In ferritic stainless steels, carbon significantly reduces both toughness and corrosion resistance.
It increases carbon hardness and strength in martensitic and martensitic-austenitic steels. An increase in hardness and strength in martensitic steels is often accompanied by a decrease in toughness, and thus, carbon reduces the toughness of stainless steels.
Chromium is the most important alloying element in stainless steel. It is the most important alloying element that provides the corrosion resistance of stainless steels with the chromium-rich (Fe, Cr)2O3 layer that it forms on the material surface. It is the element that gives the basic corrosion resistance of stainless steel. Corrosion resistance and scaling resistance increase with increasing chromium content. It also enhances resistance to oxidation at high temperatures. Chromium supports a ferritic structure.
Nitrogen is a very strong austenite former and it supports a strong austenitic structure. It also significantly enhances mechanical strength. Nitrogen increases resistance to local corrosion, specifically in combination with molybdenum. It is used to prevent grain growth at high temperatures in high chromium and low carbon steels. It reduces the weld metal toughness at low temperatures.
The main reason for nickel addition is to promote an austenitic structure. Nickel generally increases ductility and toughness. It also reduces the corrosion rate and thus, it is advantageous in acid environments. In precipitation hardening steels, nickel is also used to form intermetallic compounds used to increase strength. It has the effect of increasing the weld mental toughness.

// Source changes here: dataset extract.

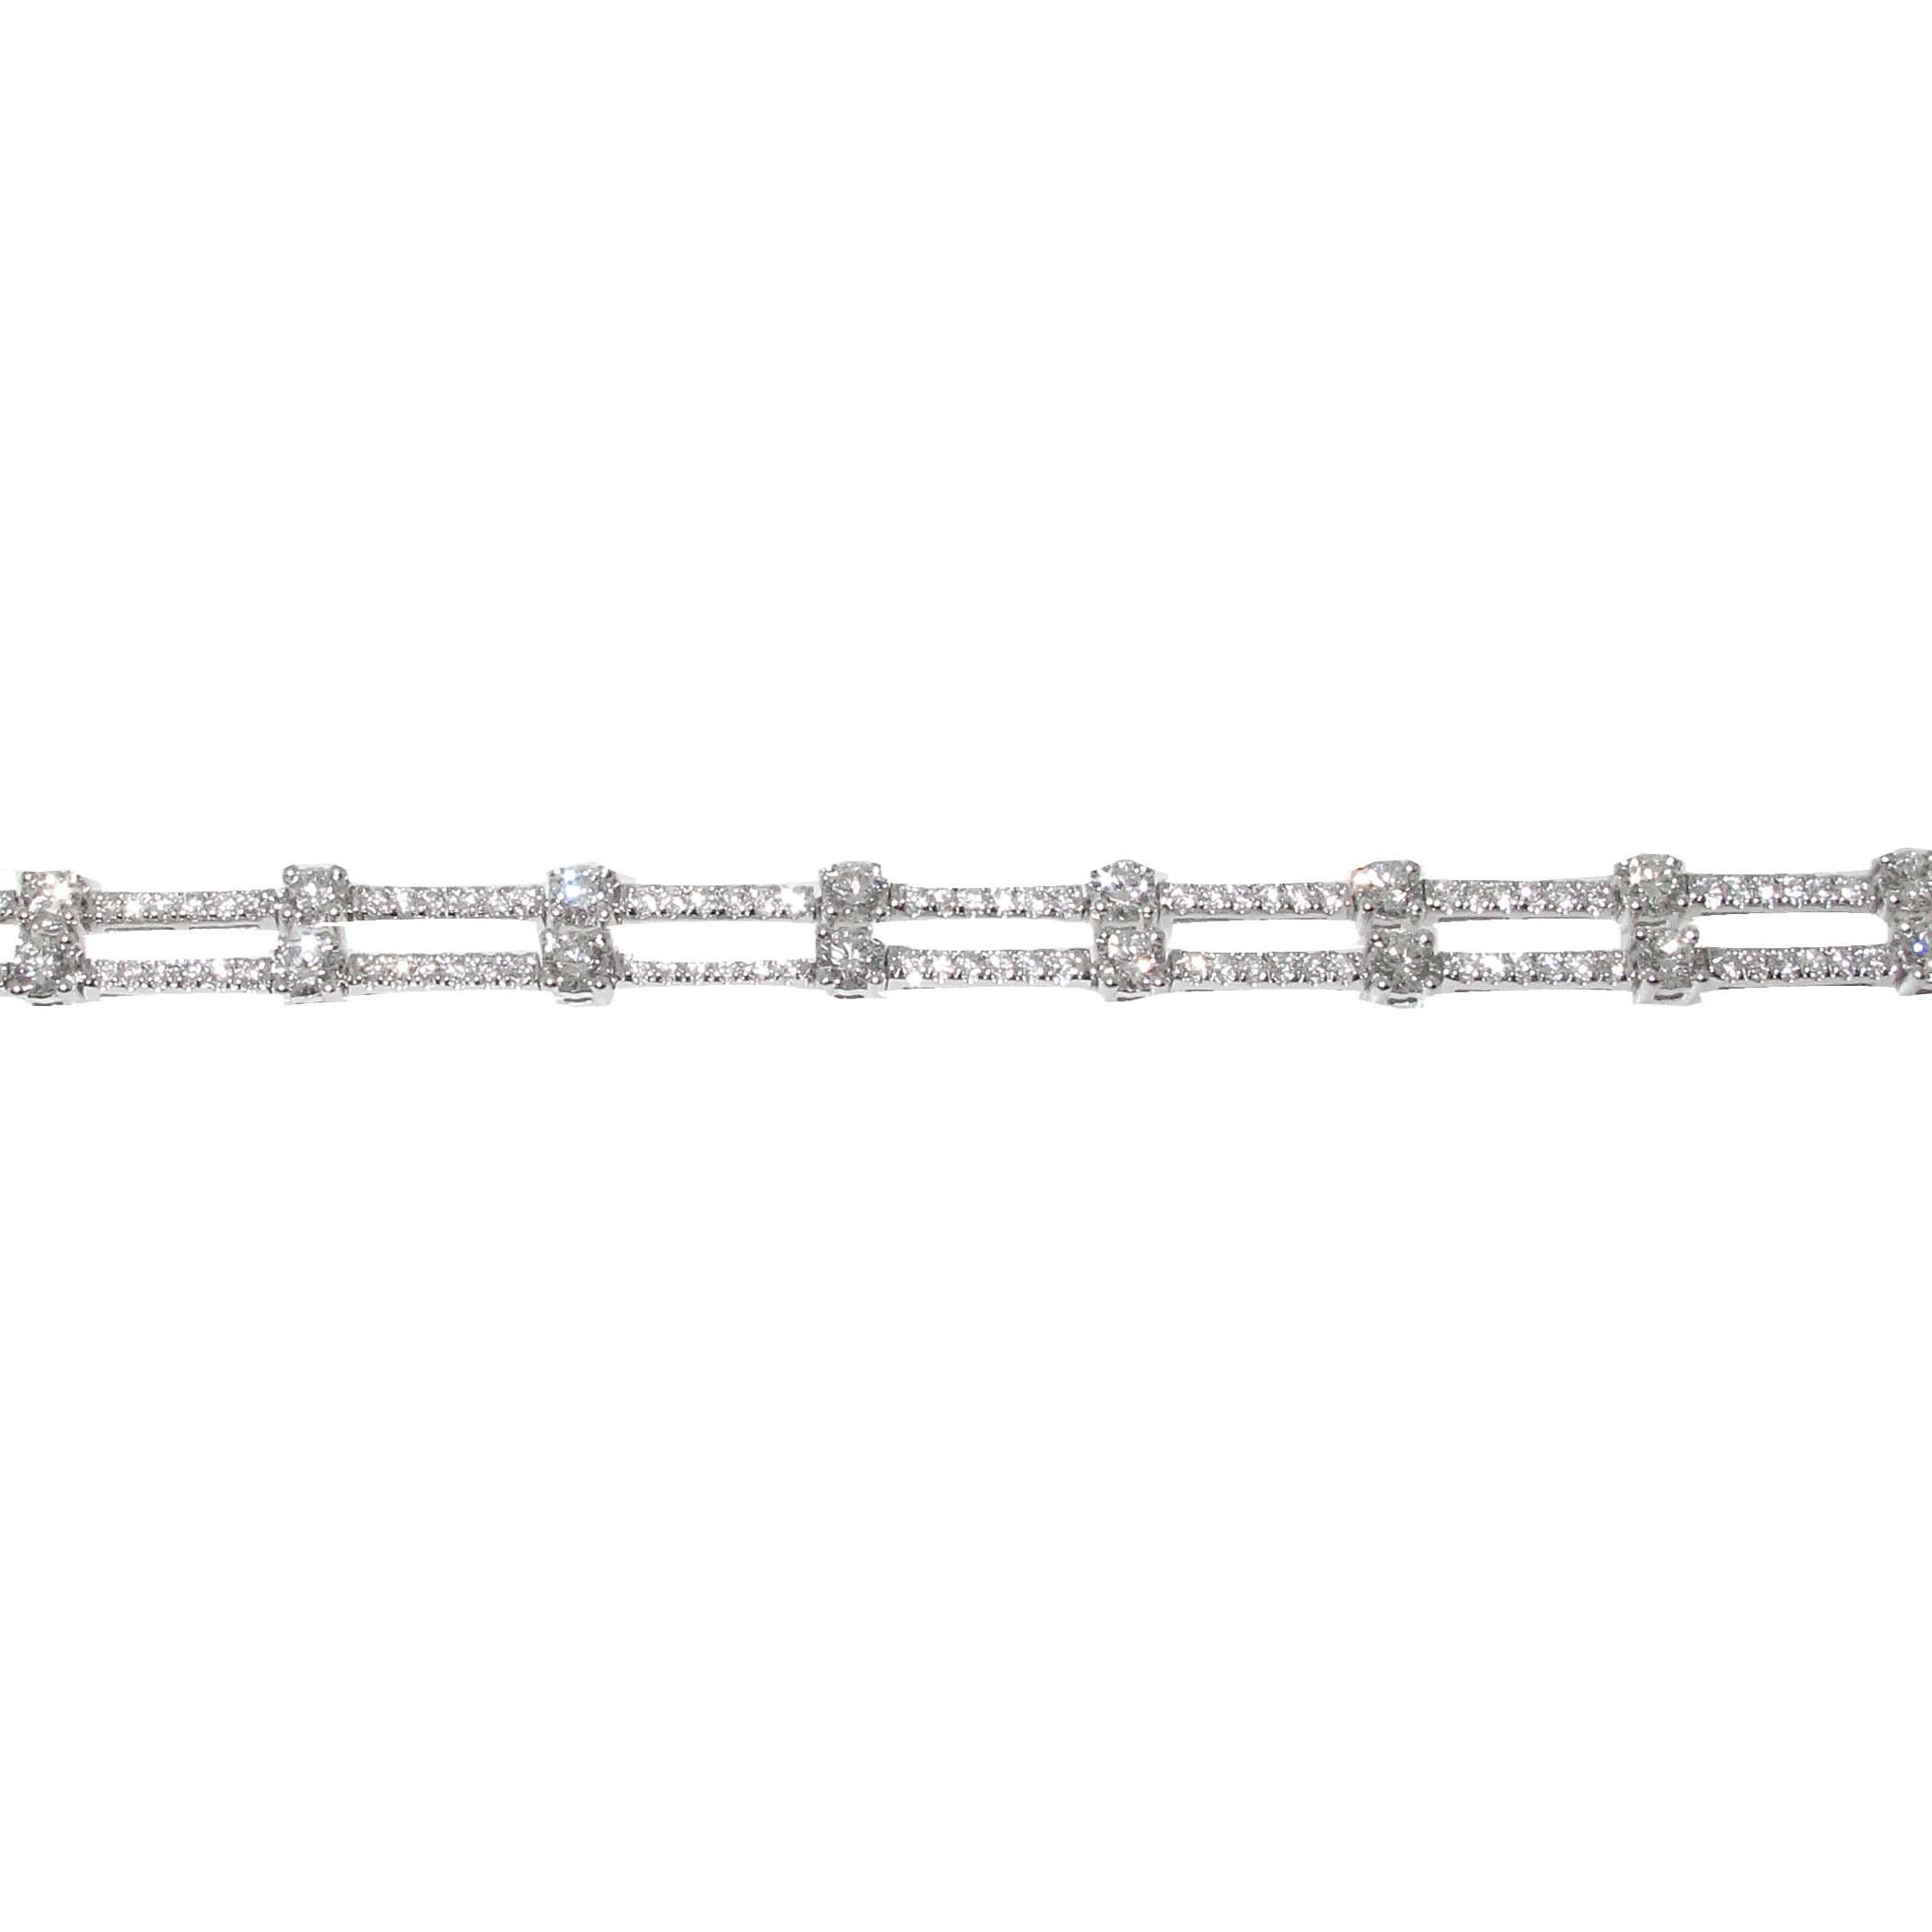 Gorgeous double row diamond bracelet. Each row of diamonds moves independently of the other making this a very special piece. It has a known weight of 3.61 carats of fine white diamonds and is set in 18kt white gold. The shine on this bracelet is

Copper increases corrosion resistance in certain acids and promotes an austenitic structure. In precipitation hardening steels, copper is used to forming intermetallic compounds used to increase strength
Manganese is often used to enhance hot ductility in stainless steel. Its effect on the ferrite/austenite balance varies with temperature: At low temperatures, manganese is an austenite stabilizer, but it stabilizes ferrite at high temperatures. Manganese increases the nitrogen solubility and it is used to achieve high nitrogen content in austenitic steels.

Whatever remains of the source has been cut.